Questi dati provengono dalle autorità ucraine e non sono stati confermati né dalla Russia né dal Governo cubano. Cuba ha riconosciuto l’esistenza di reti di reclutamento illegale, sfiorando il delicato tema dell’arruolamento forzato e delle violazioni dei diritti umani, ma ha negato un coinvolgimento diretto dello Stato nell’invio di propri soldati. Di certo che è tutto da indagare, perché la guerra prima di tutto è diventata una guerra di manipolazione delle informazioni, dove non solo si nascondono corpi ma si nascondono verità. Verità in cui le vittime sono diventati “gli invisibili” e dietro le verità che non emergono, ci sono numeri che per il meccanismo bellico non conta. Numeri e molti sono morti. E dentro questa guerra, i cosiddetti mercenari sono soprattutto giovani, provenienti da condizioni economiche difficili. Alcuni hanno raccontato di aver firmato contratti senza comprendere pienamente che sarebbero stati inviati in guerra; altri hanno dichiarato di aver scelto consapevolmente il reclutamento per ottenere uno stipendio impossibile da guadagnare a Cuba. La guerra mostra così uno dei suoi aspetti meno visibili: la povertà e la vulnerabilità possono diventare strumenti di reclutamento.

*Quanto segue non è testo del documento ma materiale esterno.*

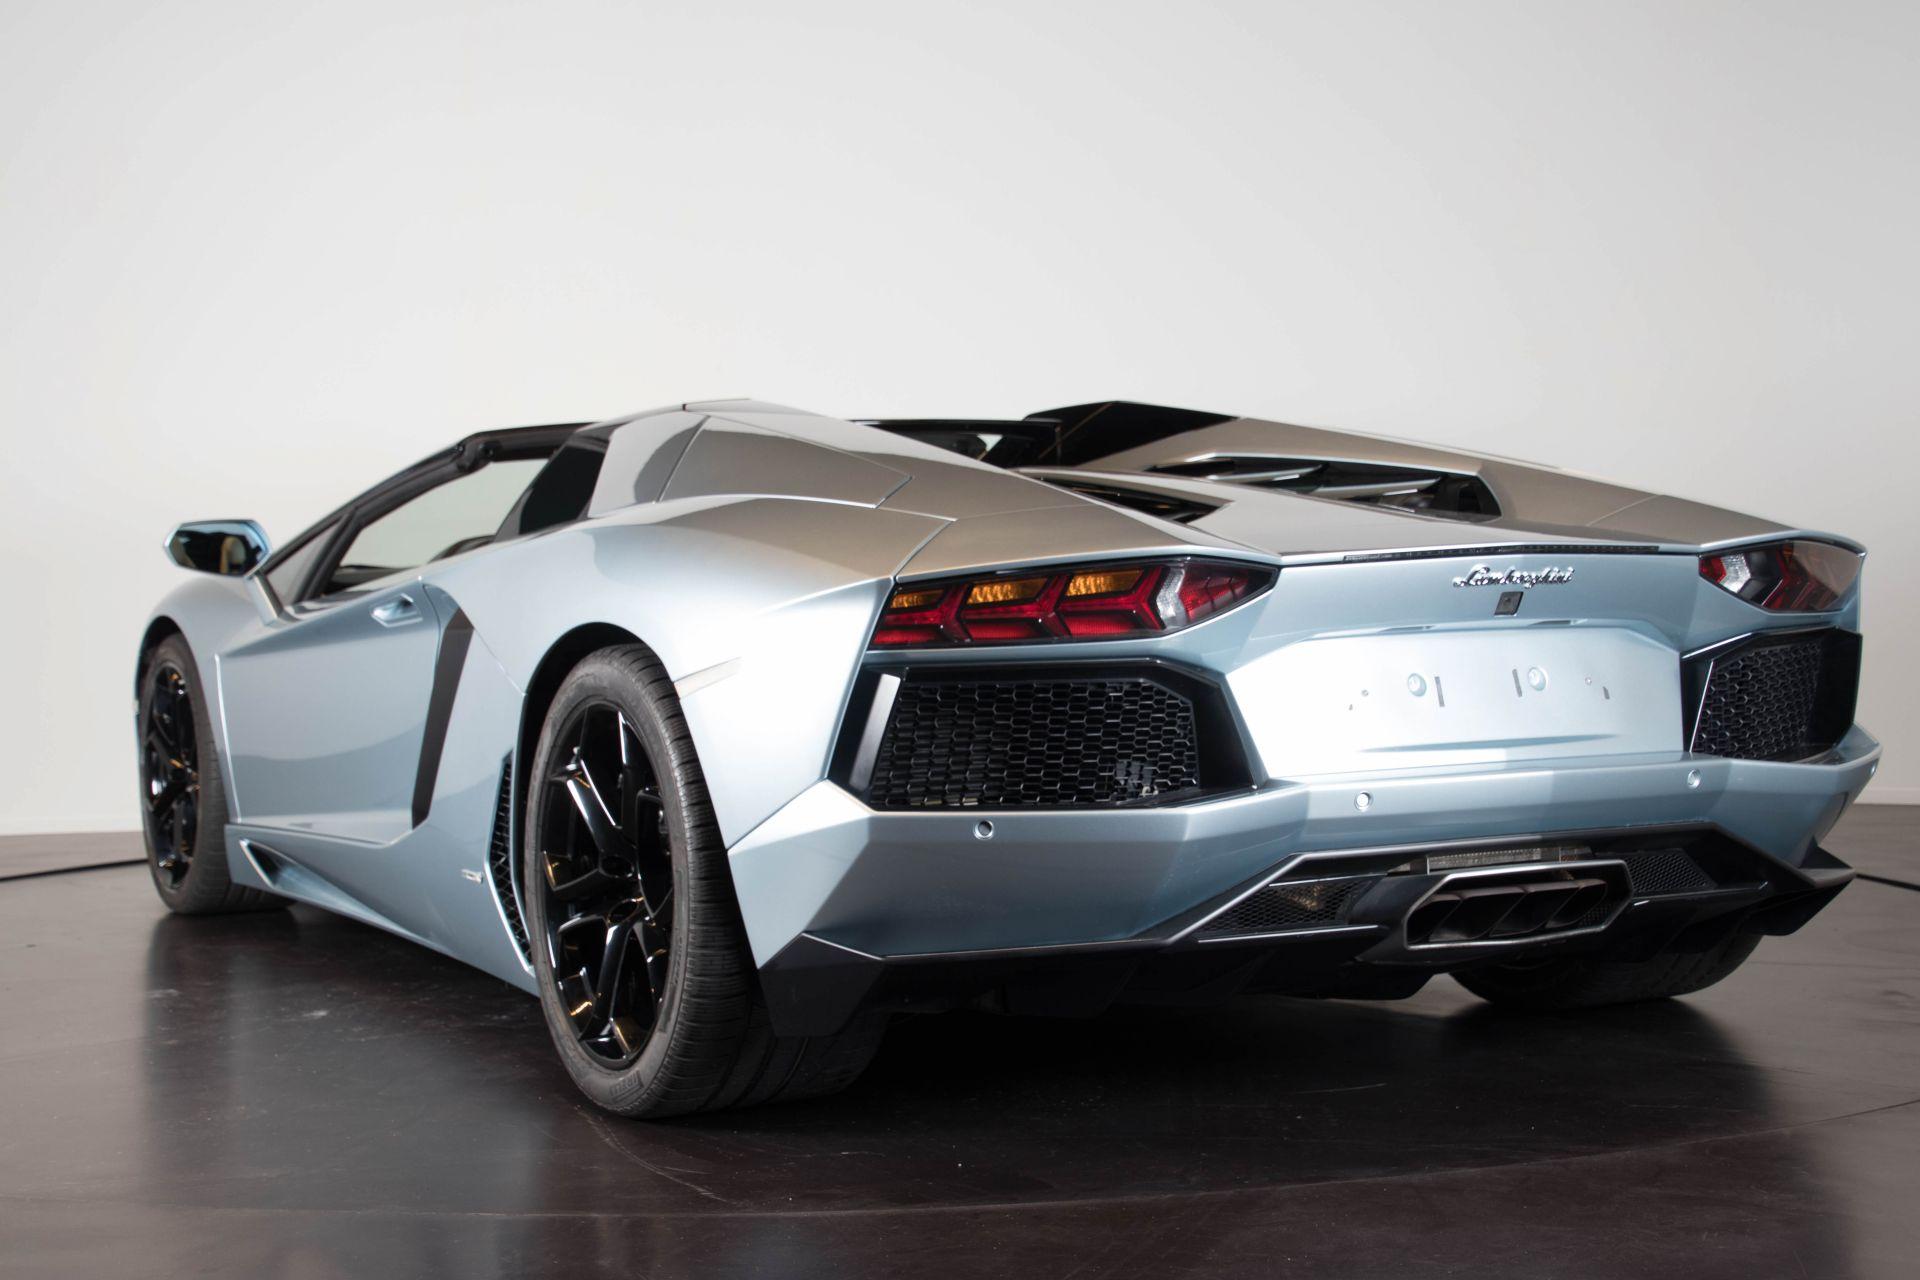 2014 Lamborghini Aventador Roadster  3800

La legge marziale in Ucraina e il consenso per Volodymyr Zelensky

Questa guerra ha paradossi, contraddizione, verità sommerse e la figura di Volodymyr Zelensky continua a dividere. Intanto, in Ucraina le elezioni presidenziali sono sospese a causa della legge marziale, prevista dalla Costituzione in tempo di guerra. I sondaggi mostrano che Zelensky mantiene un sostegno significativo, ma inferiore rispetto ai primi mesi dell’invasione. Parallelamente è cresciuta la popolarità dell’ex comandante dell’esercito Valerii Zaluzhnyi, considerato da molti ucraini una possibile alternativa politica. Esistono quindi cittadini ucraini che criticano Zelensky per la gestione della mobilitazione, della guerra e dell’economia, mentre altri ritengono che continui a rappresentare il simbolo della resistenza nazionale. Dire che “gli ucraini lo odiano” oppure che “tutti lo sostengono” non riflette la complessità della società ucraina.

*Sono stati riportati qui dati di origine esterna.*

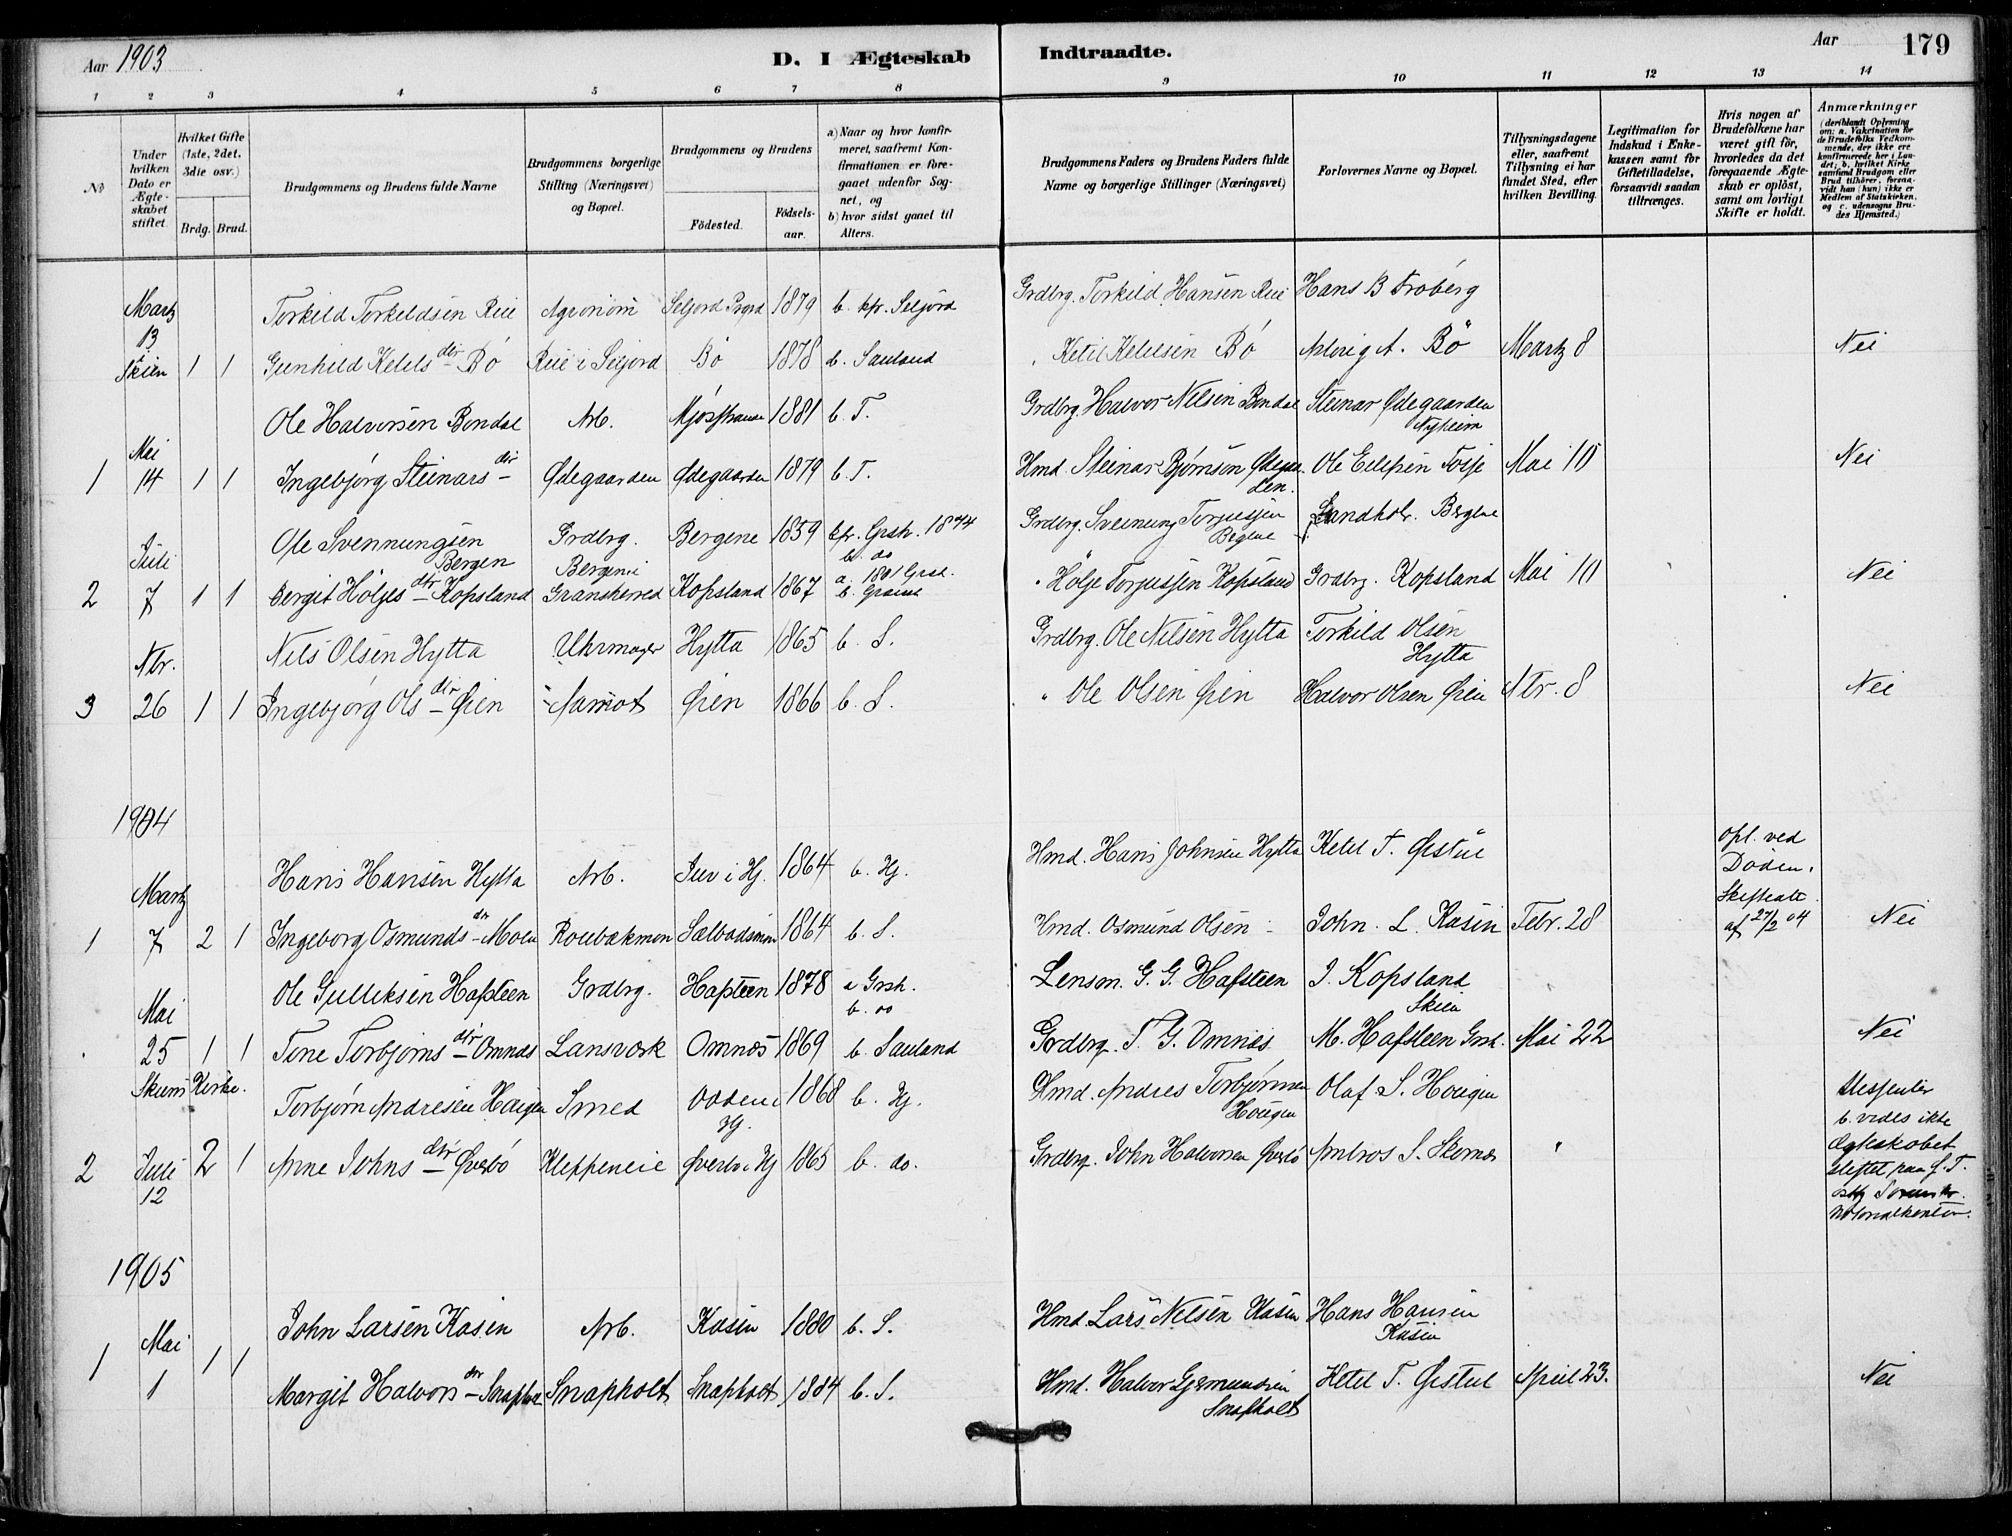 SAKO, Hjartdal kirkebøker, F/Fb/L0002: Ministerialbok nr. II 2, 1880-1932, s. 179

Sondaggi in Russia: tra approvazione e repressione del dissenso

Misurare il consenso in Russia è più difficile. I sondaggi degli istituti russi, come VTsIOM e anche del centro indipendente Levada, mostrano livelli di approvazione molto elevati per Putin. Tuttavia numerosi studiosi sottolineano che tali dati vanno interpretati con cautela, poiché il contesto autoritario, la repressione del dissenso e il timore di esprimere opinioni contrarie possono influenzare le risposte degli intervistati.
Negli ultimi anni il Cremlino ha inoltre intensificato la repressione nei confronti di oppositori, media indipendenti e attivisti contrari alla guerra.

La guerra dell’informazione e il reale costo umano del conflitto

Bisogna dire che questa è anche una guerra dell’informazione, fortemente caratterizzata dalla propaganda bellica e dalla disinformazione, perché il conflitto non si combatte soltanto con armi e droni. Russia e Ucraina investono enormi risorse nella comunicazione strategica. Ogni parte enfatizza i propri successi militari, minimizza le perdite e cerca di influenzare l’opinione pubblica nazionale e internazionale. Per questo motivo è fondamentale distinguere tra:

  • testimonianze personali;
  • dati ufficiali;
  • inchieste giornalistiche indipendenti;
  • propaganda diffusa dalle parti in conflitto.

Sicuramente, come tutte le guerre, questa è fondamentalmente, una guerra che impoverisce tutti. Al di là delle contrapposizioni geopolitiche, il conflitto continua a produrre enormi costi umani. Famiglie russe, ucraine e di altri Paesi, come Cuba, hanno perso figli, fratelli e genitori. Alcuni sono morti combattendo per convinzione, altri per necessità economica, altri ancora dopo essere stati reclutati con promesse che, secondo varie testimonianze, non corrispondevano alla realtà.
Le storie dei combattenti cubani ricordano che le guerre moderne non coinvolgono soltanto gli Stati che le combattono direttamente: attirano persone provenienti da contesti di fragilità economica e sociale, trasformando la speranza di un lavoro o di una vita migliore in un viaggio verso il fronte. In questo senso, la guerra non distrugge soltanto città e infrastrutture, ma anche biografie, famiglie e prospettive di futuro.